The spheres are suspended in place thanks to HOT’s hybrid ocean thermal energy conversion (OTEC) system. This system derives energy from pulling colder water from below up into a heat exchanger, which converts the temperature difference into useable energy. That powers the engines, telemetry and robotics that maintain the spheres’ geostatic position and provide constant remote monitoring. The OTEC system is also used to bring the spheres up to the surface, which allows for the easy harvesting of fish. This energy conversion system is one of 21 technologies the company submitted in a recent patent application.
While the spheres are suitable for farming a variety of fish, HOT will focus on ahi tuna — a high-quality type of tuna that makes its living off Hawaii’s coasts. Spencer estimates that each sphere could produce 20,000 hundred-pound ahi tuna, or 1,000 tons. With high quality tuna commanding upwards of $10 a pound in many parts of Asia, one sphere alone could yield $20 million in gross revenues, at a high margin. Because of their proximity to the coast, the Aquaspheres would provide a quick, on-demand source of premium tuna for customers around the world; Spencer says 48 hours’ notice would be enough for his company to get the fish “from the sphere and to your dinner table,” as he put it to me. With land resources increasingly stretched to capacity, Spencer believes his 82,500 cubic-meter Aquaspheres could become particularly attractive for crowded countries like China.
To minimize its costs, HOT will feed its tuna a blend of fishmeal and algal remnants left over from biofuel production, which provide a rich source of pure protein. Since Hawaii is currently one of the world leaders in algal biofuel research, Spencer believes he’ll be able to secure a ready supply of left-overs inexpensively. HOT is trademarking its own ahi brand, King Ahi, which will enable it to achieve even higher margins.
HOT’s intent is to build a completely closed-loop system: One in which all aspects of breeding, rearing and capturing the tuna are controlled by the company and in which no harm is done to the ambient sea life. The spheres themselves are easy to build and made up entirely of off-the-shelf parts like kevlar and aluminum frames.

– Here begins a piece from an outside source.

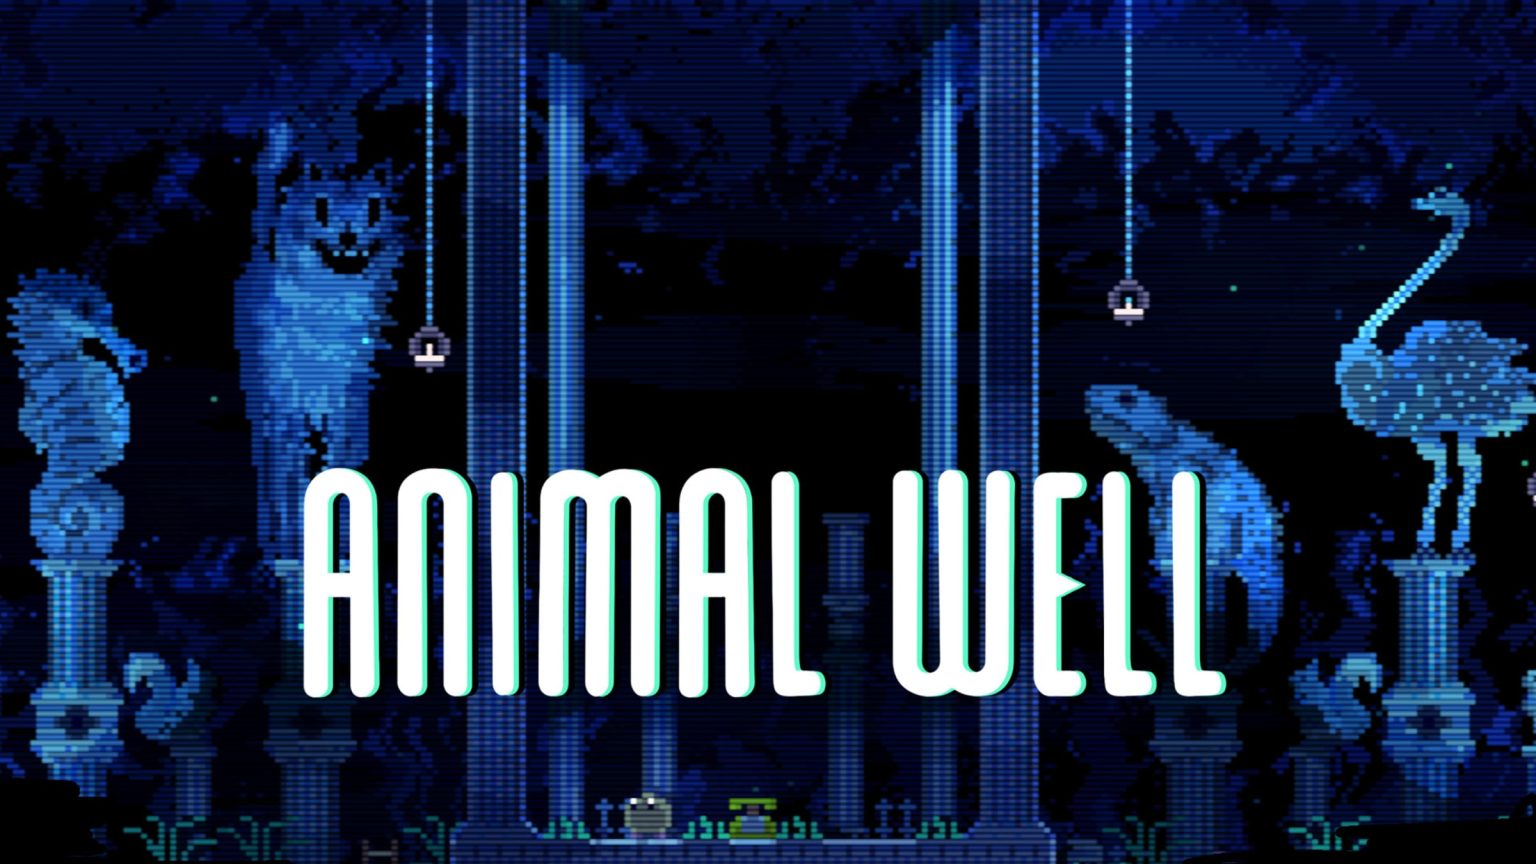 Animal Well af Billy Basso studio er blevet udgivet
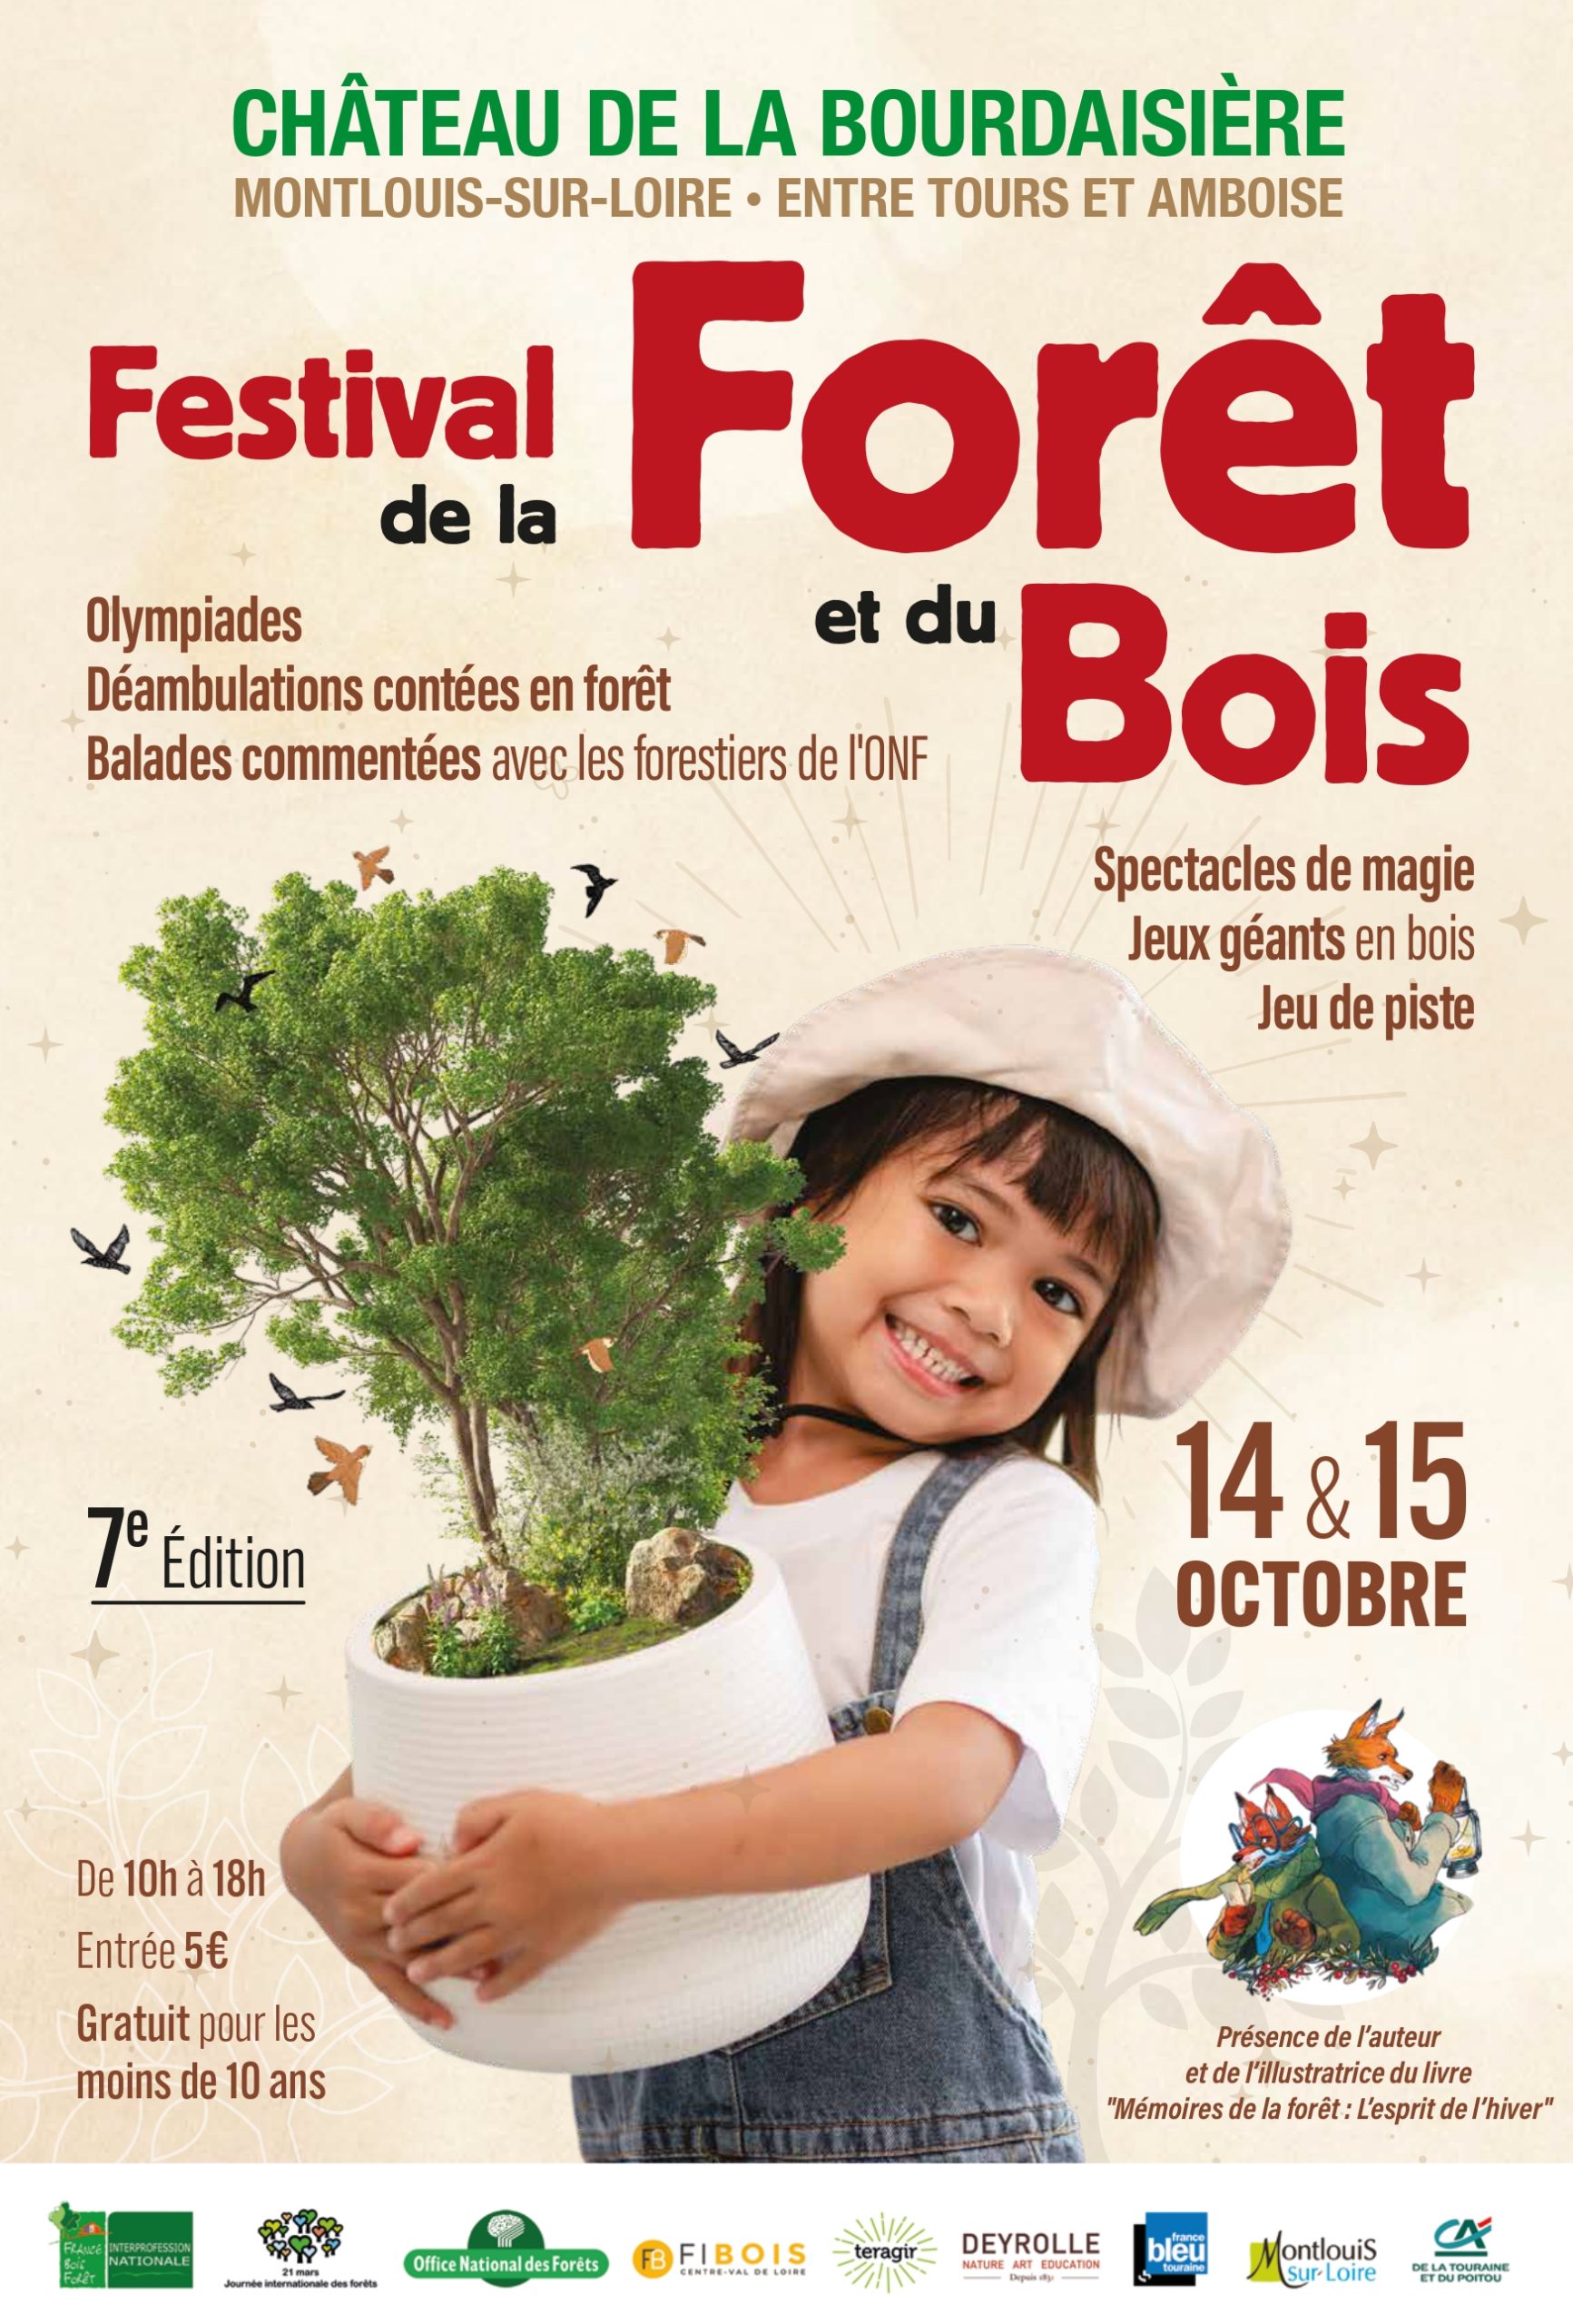 Festival de la Forêt et du Bois - Château Hôtel de la Bourdaisière

Though he was mum on the details, Spencer said his firm completed its first round of funding last year, which was led by lead investor Kolohala Ventures and San Francisco-based Fulcrum Funds. He’s currently looking for another $10 – 12 million in second round funding to get three Aquaspheres in the water by the end of 2009.
CleanFish, another aquaculture startup based in Sausalito, Calif., hopes to tap into the $65 billion industry by adopting a different tack: Connecting customers with sustainable fishermen by acting as a distributor and providing an environmentally responsible brand under which fisheries can operate.